Before we calculate the standard errors on the slope at the three factor levels let’s return to a more straightforward parameterization so we know what we’re aiming for. I’ll re-write the model here for clarity:

m2 <- lm(y ~ x1 * f, data = dat)
b <- coef(m2)
se <- summary(m2)$coef[,2]

# Slopes:
with(dat, plot(x1, y, col = f))
abline(a = b[1], b = b[2], col = 1)
abline(a = b[1] + b[3], b = b[2] + b[5], col = 2)
abline(a = b[1] + b[4], b = b[2] + b[6], col = 3)

# SEs on those slopes:
# (as in Schielzeth 2010 Methods Ecol. Evol.)
se[2]
##        x1 
## 0.1114734
sqrt(se[5]^2 - se[2]^2)
##      x1:f2 
## 0.09118352
sqrt(se[6]^2 - se[2]^2)
##     x1:f3 
## 0.1117044

Now, let’s derive those same standard errors for the centered version. We’ll start be extracting the standard errors and covariances of the coefficients. Then we’ll combine them. Although we could do this more elegantly, we’ll write it out in full to make it obvious what’s happening.

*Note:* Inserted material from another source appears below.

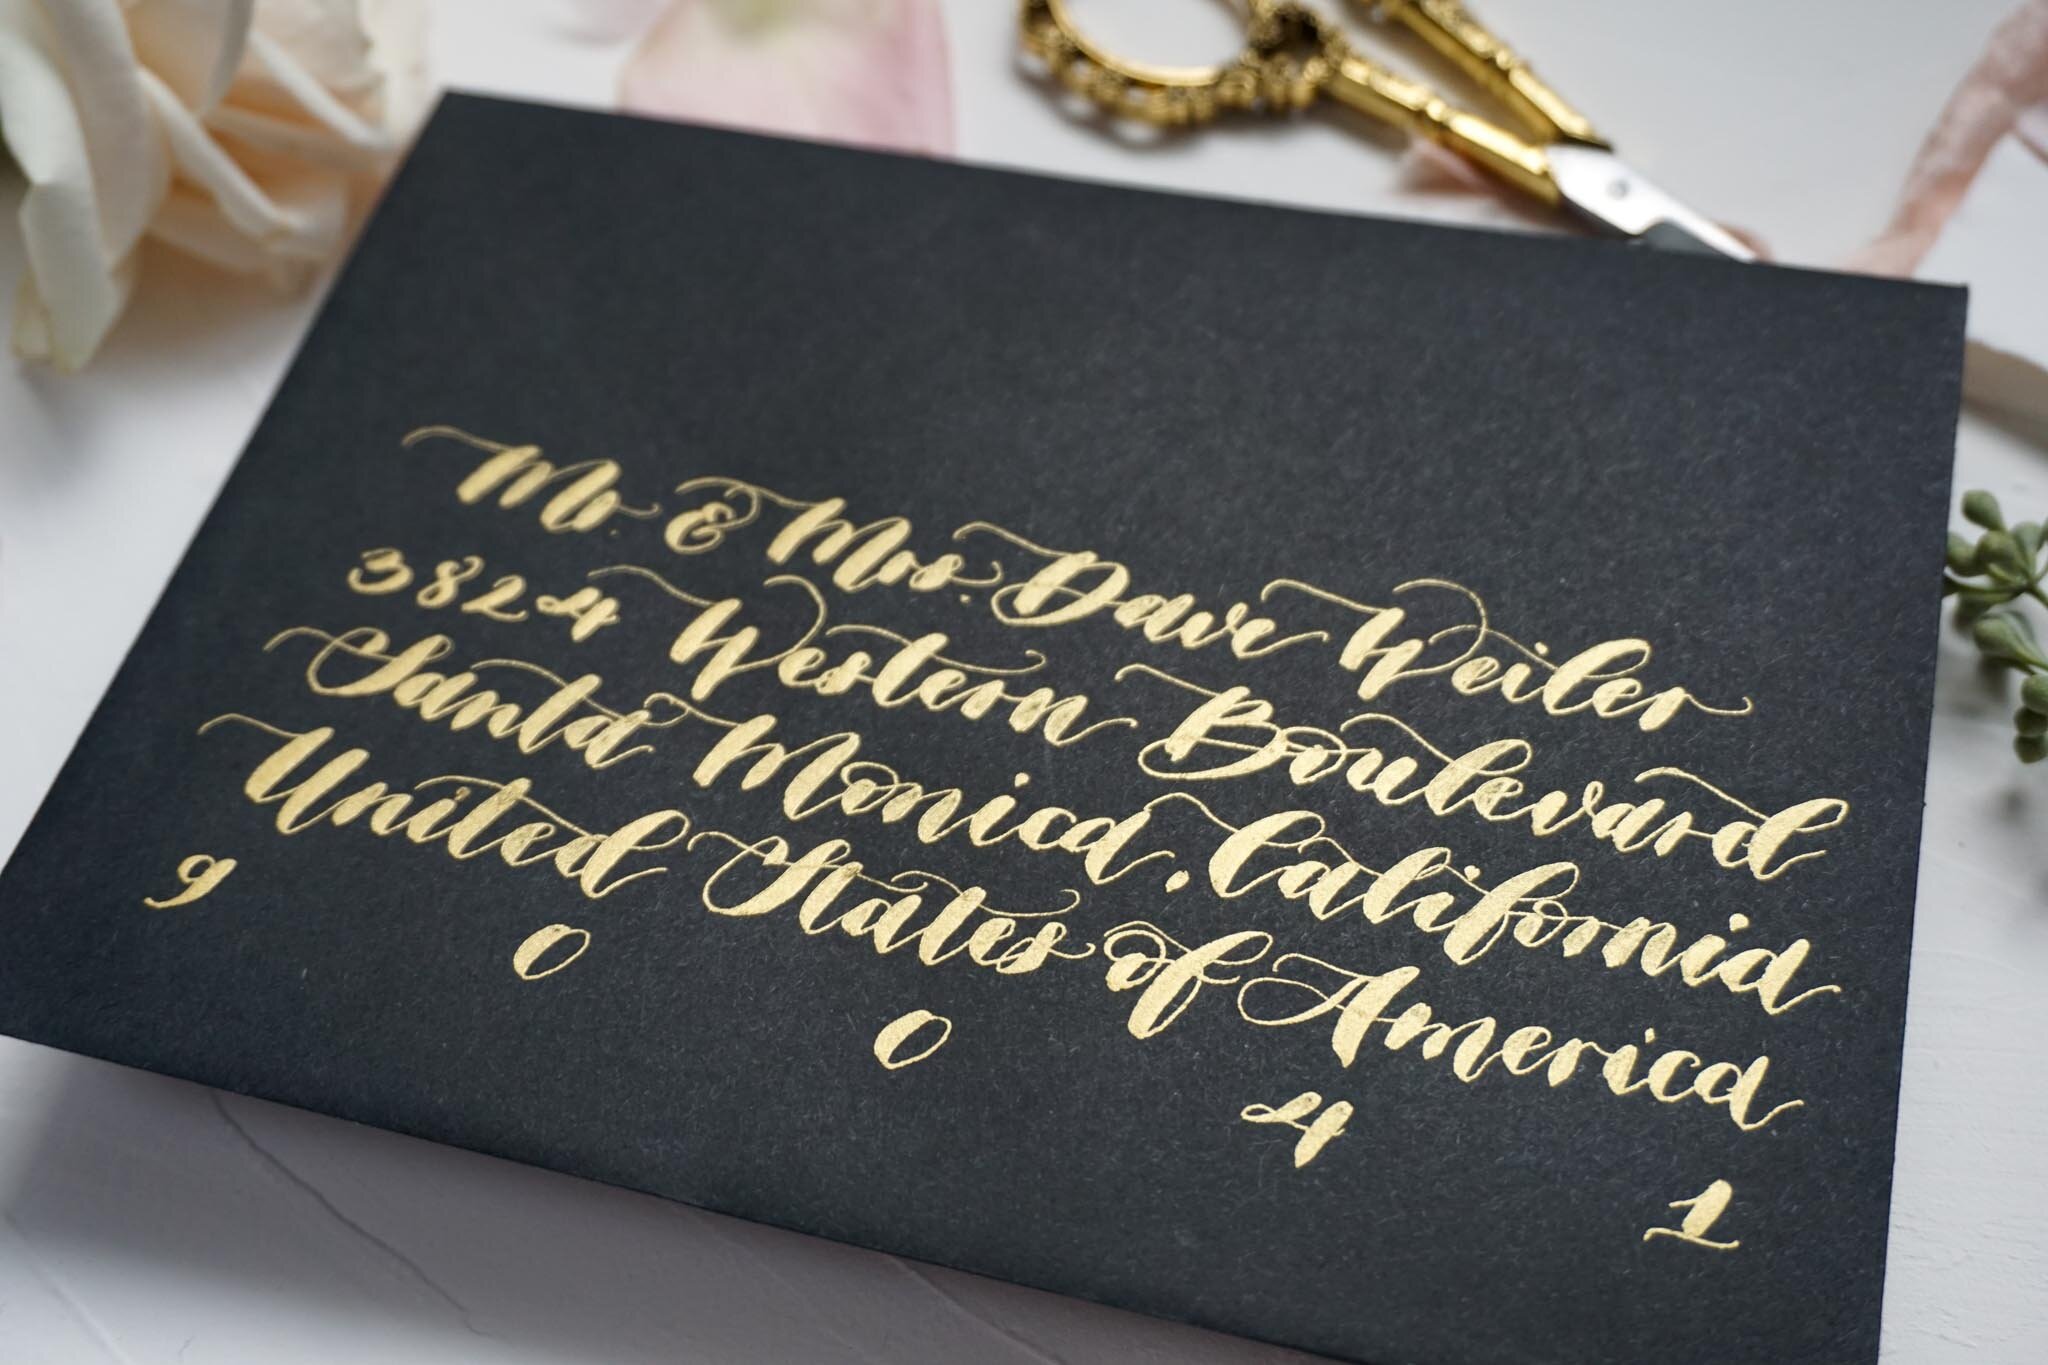 shescloudy calligraphy_los angeles_envelope calligraphy .jpg
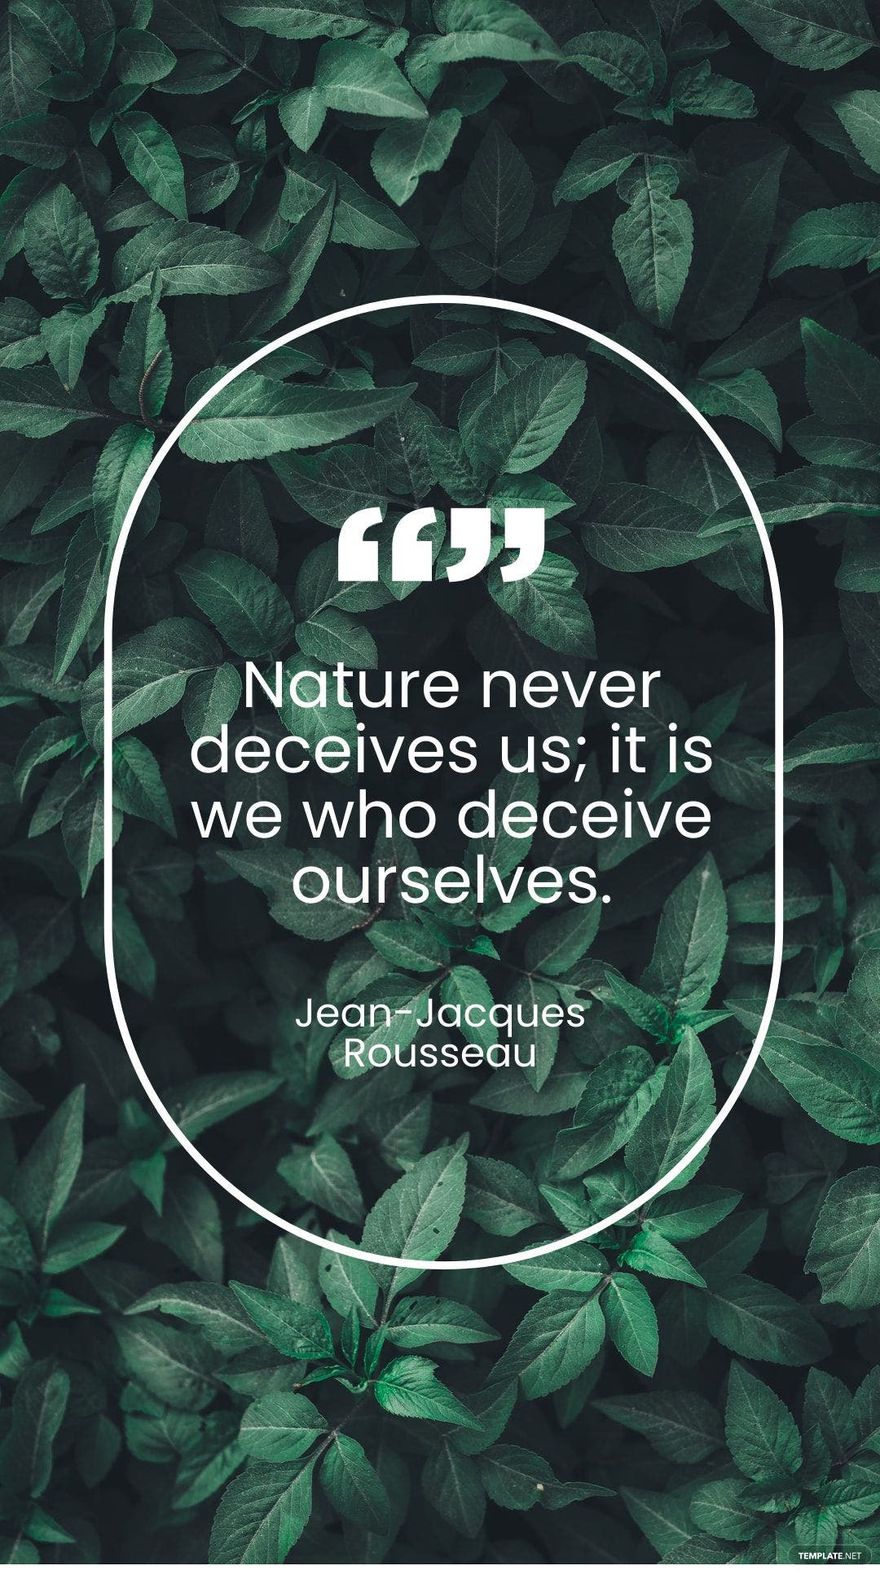 Jean-Jacques Rousseau - Nature never deceives us; it is we who deceive ourselves. in JPG

se <- summary(m2.2)$coef[,2]
x1x2_low <- min(dat$x2_cent)
x1x2_high <- max(dat$x2_cent)
x1x3_low <- min(dat$x3_cent)
x1x3_high <- max(dat$x3_cent)
vcov_x1_x1x2 <- vcov(m2.2)[5, 2]
vcov_x1_x1x3 <- vcov(m2.2)[6, 2]
vcov_x1x2_x1x3 <- vcov(m2.2)[6, 5]
se_x1 <- se[2]
se_x1x2 <- se[5]
se_x1x3 <- se[6]

Standard error on the slope at the first factor level:

as.numeric(
sqrt(x1x2_low^2 * se_x1x2^2 + 
     x1x3_low^2 * se_x1x3^2 +
     se_x1^2 +
     2 * x1x2_low * vcov_x1_x1x2 +
     2 * x1x3_low * vcov_x1_x1x3 +
     2 * x1x2_low * x1x3_low * vcov_x1x2_x1x3)
)
## [1] 0.1114734

This matches the version from the uncentered model:

summary(m2)$coef[2,2] 
## [1] 0.1114734

And the second level:

as.numeric(
sqrt(x1x2_high^2 * se_x1x2^2 + 
     x1x3_low^2 * se_x1x3^2 +
     se_x1^2 +
     2 * x1x2_high * vcov_x1_x1x2 +
     2 * x1x3_low * vcov_x1_x1x3 +
     2 * x1x2_high * x1x3_low * vcov_x1x2_x1x3)
)
## [1] 0.09118352

And the third level:

as.numeric(
sqrt(x1x2_low^2 * se_x1x2^2 + 
     x1x3_high^2 * se_x1x3^2 +
     se_x1^2 +
     2 * x1x2_low * vcov_x1_x1x2 +
     2 * x1x3_high * vcov_x1_x1x3 +
     2 * x1x2_low * x1x3_high * vcov_x1x2_x1x3)
)
## [1] 0.1117044

Again, comparing to the uncentered version, they match:

se <- summary(m2)$coef[,2]
sqrt(se[5]^2 - se[2]^2)
##      x1:f2 
## 0.09118352
sqrt(se[6]^2 - se[2]^2)
##     x1:f3 
## 0.1117044

Whether or not you center your predictors, transforming your factor coefficient interactions like the above can be a powerful way of displaying data. For example see Figure 1 in O’Regan et al. 2014, Ecology, 95(4) where we use this method to illustrate the effect of climate warming and drying on four responses across three amphibian species. Each panel represents a single model and we’ve adjusted the coefficients so that each effect is with respect to zero instead of with respect to another factor level. If this kind of presentation of the results is all you’re after, then there’s no need to center the factor levels. If, however, you also want to apply model averaging to coefficient values that include interactions, you will need to center your predictors and combine the coefficients as in the above example.